Nei bambini si traduce spesso con segnali riconoscibili e ricorrenti. Li possiamo raggruppare in quattro macrocategorie:
- Fisici: mal di testa, difficoltà ad addormentarsi, affaticamento generale.
- Emotivi: irritabilità, tristezza, frustrazione, esplosioni emotive che sembrano sproporzionate rispetto all’evento scatenante.
- Cognitivi: difficoltà a concentrarsi, pensieri ripetitivi legati alla perdita di accesso al device, ruminazione sul “che cosa mi sono perso”.
- Comportamentali: pianti, gesti compulsivi per riavere il dispositivo, ribellione quando si impongono limiti.
In questi comportamenti non c’è solo “maleducazione” o capriccio, ma la traccia di un’ansia reale, che chiede di essere osservata e compresa.
Quando gli schermi sostituiscono la vita reale dei bambini
Ridurre il problema a una frase moralistica — “tolti i device tutto si sistema” — non aiuta.
La questione è più sottile: la tecnologia sta invadendo le nostre vite e, introdotta sempre più precocemente o usata eccessivamente come misura di compagnia e intrattenimento, altera il modo in cui i bambini fanno esperienza del mondo.

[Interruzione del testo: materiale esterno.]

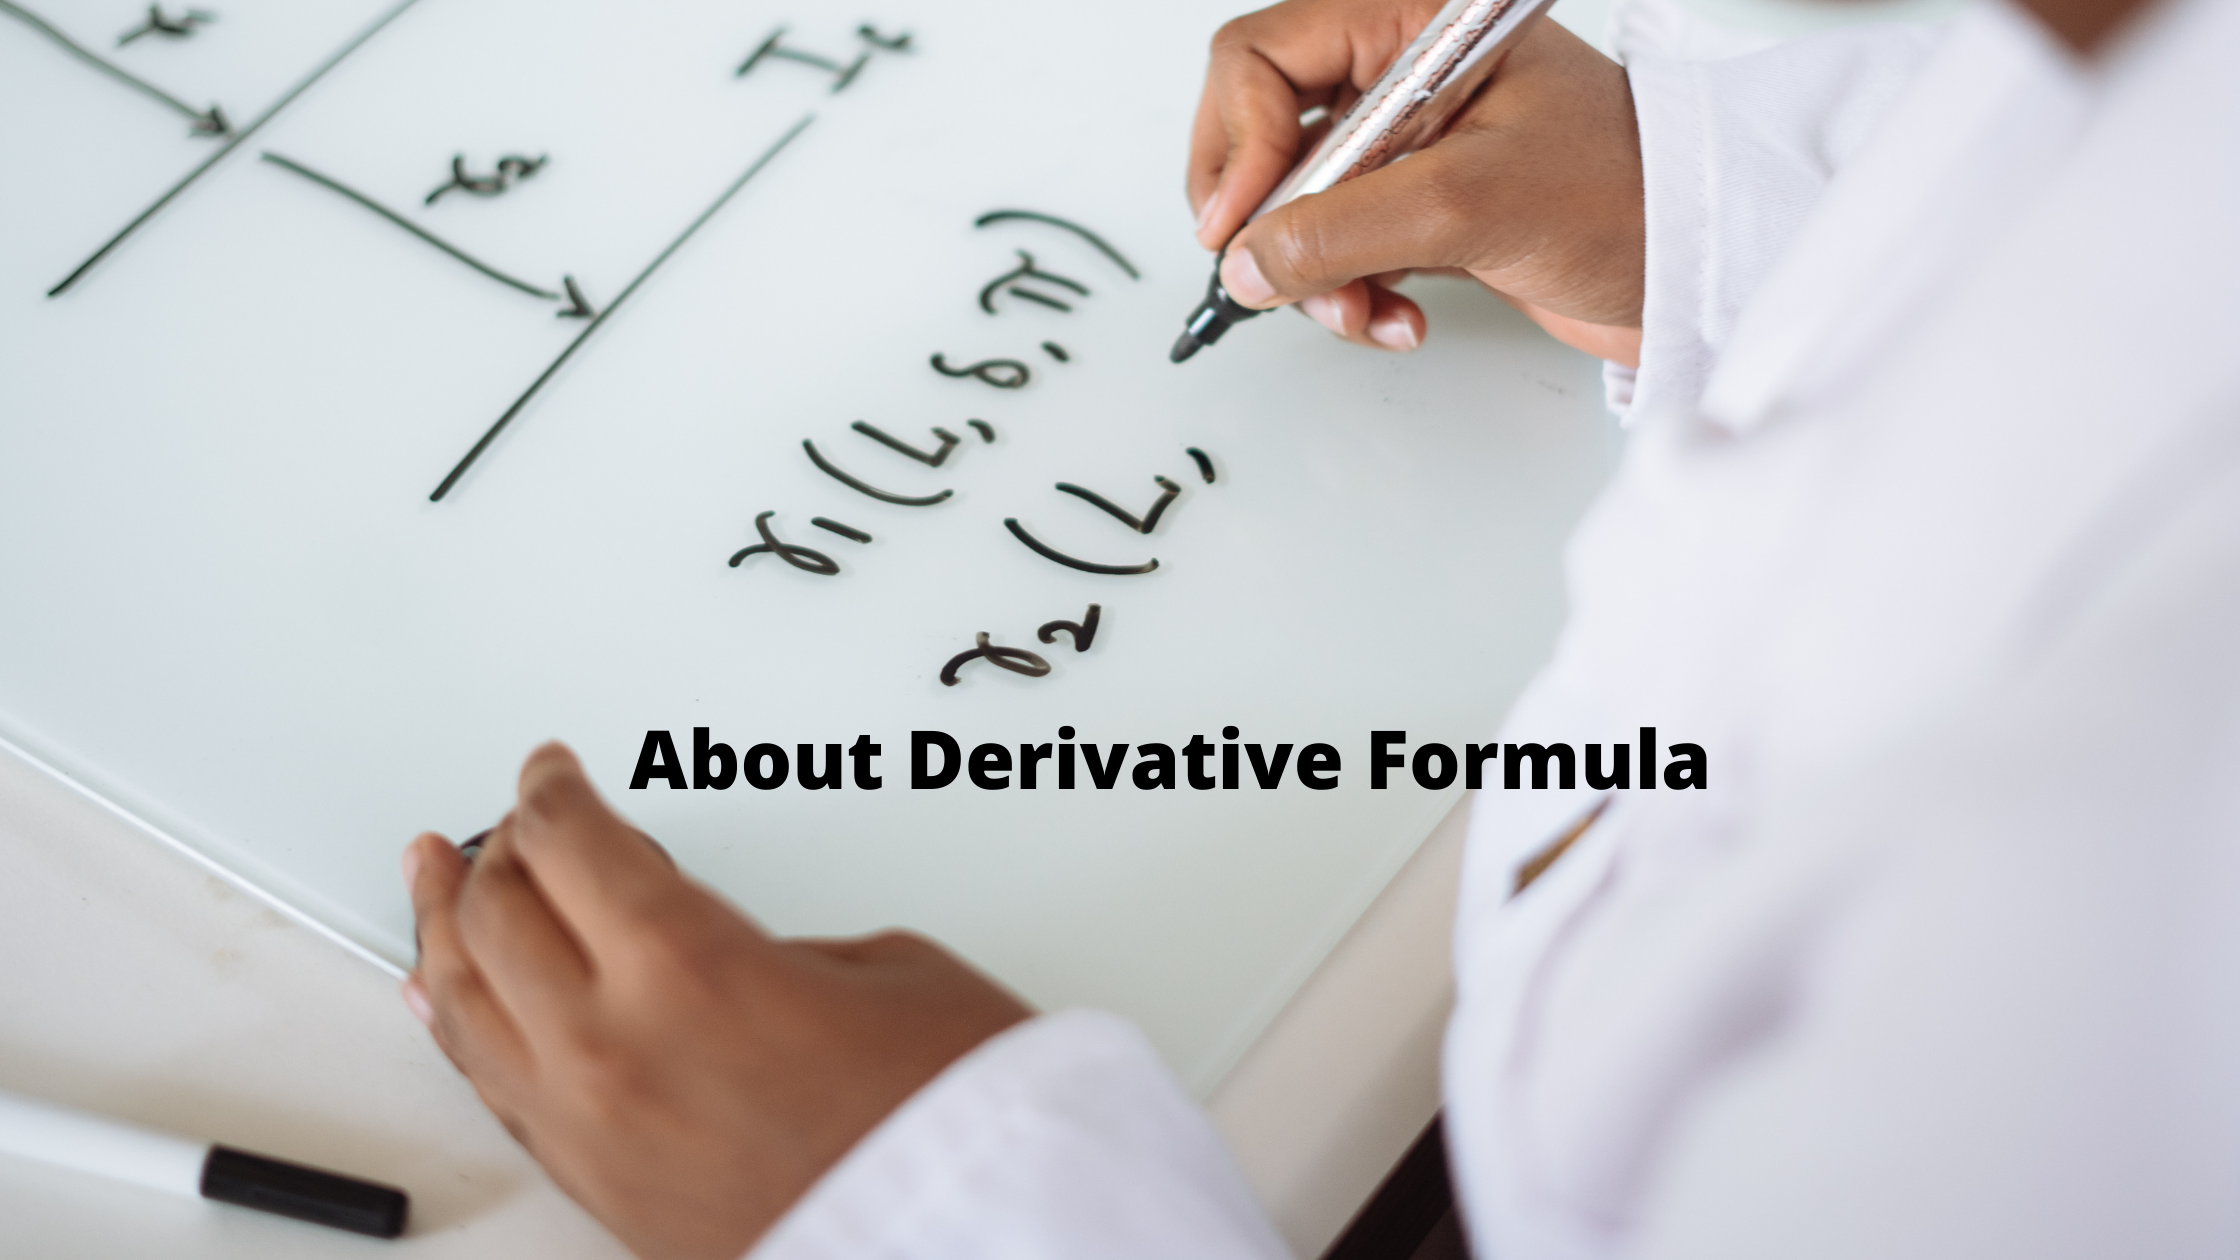 About Derivative Formula

Quante volte andando al ristorante vedete bambini sul seggiolone intenti a utilizzare in modo esperto il loro device?
In questi contesti, lo schermo rischia di sostituire l’interazione, la noia creativa, il confronto con le emozioni difficili che fanno parte della crescita.
I dati sull’utilizzo della tecnologia di “The Common Sense Census: Media Use by Kids Age Zero to Eight” del 2025, denunciano in modo chiaro e preoccupante l’abuso della tecnologia da parte dei più piccoli.
I bambini tra 0 e 2 anni utilizzano in media 1,03 ore al giorno gli screen media, mentre i bambini tra 3 e 5 anni la utilizzano il doppio.
Questi dati, che possono non sembrare così drammatici, rappresentano però una media e quindi, se è vero che ci sono bambini che non hanno l’accesso allo screen media per impostazione e volontà della famiglia, ci sono bambini che già in tenera età ne abusano, passando interi pomeriggi di fronte alla TV o ai videogiochi.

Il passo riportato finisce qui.